The only car manufacturer grade components that I can think of is the Brushless DC motors and controllers ripped out of the Toyota Prius(don't forget to bring the transmission with) or Ford Escape. The Ford Escape's electric powertrain should be enough for a small car, the Prius powertrain will be hanging at its limits and needs some welding to work without the ICE. If those components could be made to fit, the options get much cheaper. I've seen on other forums where people have figured out how to control the Prius motors outside the car so it can be done, just needs to be fit into a vehicle.

It's definitely a good challenge, won't be a new car for sure though but I really think that 25k for a nice car isn't too hard to accomplish. My personal goal is to be under 200Wh/mile and a small car is perfect utility for me so it's a bit easier as finding a great condition car 10 years or less isn't too hard, just need to find a light aerodynamic one to keep the battery costs low while providing good range. The donor cost is such a small part of it.


----------



## jackbauer (Jan 12, 2008)

Why not consider a dc sepex? That can do regen. Kostov do a line of interpoled sepex motors and paul holmes is closing in on a sepex option for the revolt controller.


----------



## JRP3 (Mar 7, 2008)

1. I've never seen a sepex controller with more than 120 volts. If MPH comes up with one great, but it's not here yet.

2. It still has brushes so it's not as maintenance free as AC.

3. Leaf uses AC so the conversion has to use AC.

My challenge, my rules


----------



## MN Driver (Sep 29, 2009)

I'm not too well versed on SepEx but I thought that the adjustable field excitation voltage might allow for better performance with lower voltages. This might not be true but I'm not sure. There are less field losses though(I've read 75% less loss through the field windings, I could be, and probably am wrong) with SepEx and it is slightly more efficient due to that. It's brushed and since regen pushes power through the same brushes it is possible that they may wear out that much sooner with regen. Granted with large enough brushes I'm sure 50k miles is still possible. ...again not a SepEx expert by any means.

SepEx performance is still under development as jackbauer mentioned above but I don't see any performance solutions available today. ...maybe next year?

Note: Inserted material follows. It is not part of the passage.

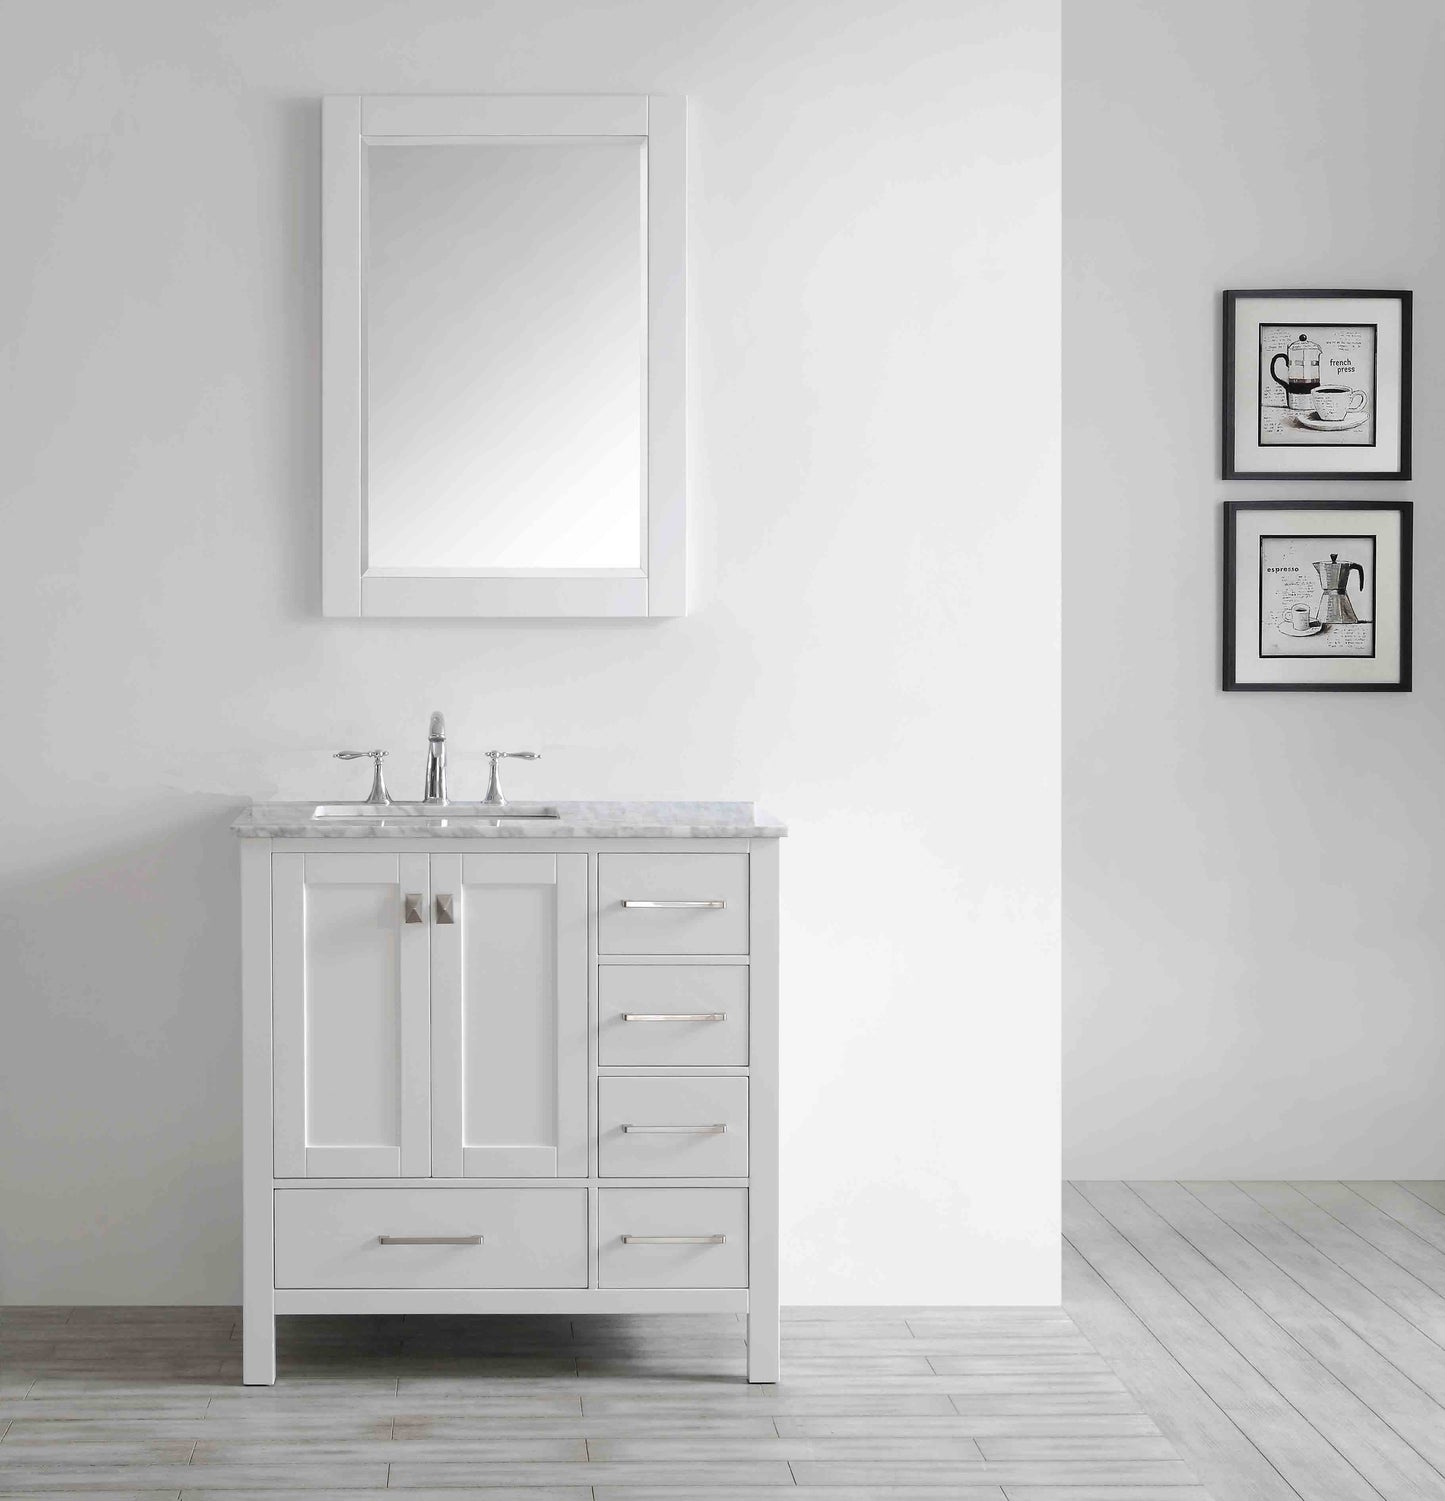 Eviva Aberdeen 36" Transitional Bathroom Vanity with White Carrera Countertop - Luxe Bathroom Vanities Luxury Bathroom Fixtures Bathroom Furniture

I still might err on the side of Brushless DC or AC, seeing the Colossus liquid cooled modular motor development on ES, if they can figure out a controller for it, I might take a swing in that direction. It makes everything else look like a joke except I can't figure out how their no-load amperage is nearly a 2 digit number, it makes me question the efficiency since I've got a cheap brushed DC motor about the same size that spins 48 volts at .7 amps but I suppose it's all about the quantity of magnets and potential power in there. Some of these high powered small RC-style and ebike brushless DC motors can be noisy little beasts though. They don't have regen solutions for their controller, even though it's possible with the motor since it is brushless DC.


----------



## Jan (Oct 5, 2009)

jrickard said:


> There's a lot going on there. The TIMS600 does actually have two hall effect current transducers in it, one on each of two phases from the controller to the motor. This is to track phase current, and has little to do with battery current.


Are you sure, this has little to do with battery current? Why isn't this the same? 



> It was of course by this time a spaghetti mess on the little shield board I was using.


I have exactly the same with my conversion. I'm restaurating a '77 Landcruiser. And if the weather is not so nice I'm busy rebuilding the gauges to EV gauges. Also with an Arduino. It's quite a mess now, and I'm going to redesign it. 



> But I simlpy hadn't gone to the trouble to guard the ADC inputs.


I will take serious attention to this.

Thanks Jack.


----------



## Bowser330 (Jun 15, 2008)

JRP3 said:


> Total cost, including donor, (not some junk 10 years old or more), AC motor, 100 mile range, 5 passenger, for 25K? Sounds like your next project for the TV show.


FYI the Leaf is based on the EPA LA4 aka UDDS drive cycle which simulates stop n go traffic at an average speed of about 20mph (see picture)

I am not sure if anyone knows yet what the highway speed (70?) range is...


----------



## JRP3 (Mar 7, 2008)

True the average speed is low but all that stopping and starting is not exactly efficient. I'd consider mostly steady state driving with 45-50 mph average speed to be a reasonable test for general usage.


----------



## Guest (May 26, 2010)

JRP3 said:


> Total cost, including donor, (not some junk 10 years old or more), AC motor, 100 mile range, 5 passenger, for 25K? Sounds like your next project for the TV show.


You know, I'm tempted to take the challenge. But there's one thing you're overlooking. Your asking for a competition between a conversion car, and a press release.

This has driven this world for years. That's what I've been saying. What Aptera? What Phoenix? What Zenn? They DO NOT EXIST. They only EVER existed as a press release.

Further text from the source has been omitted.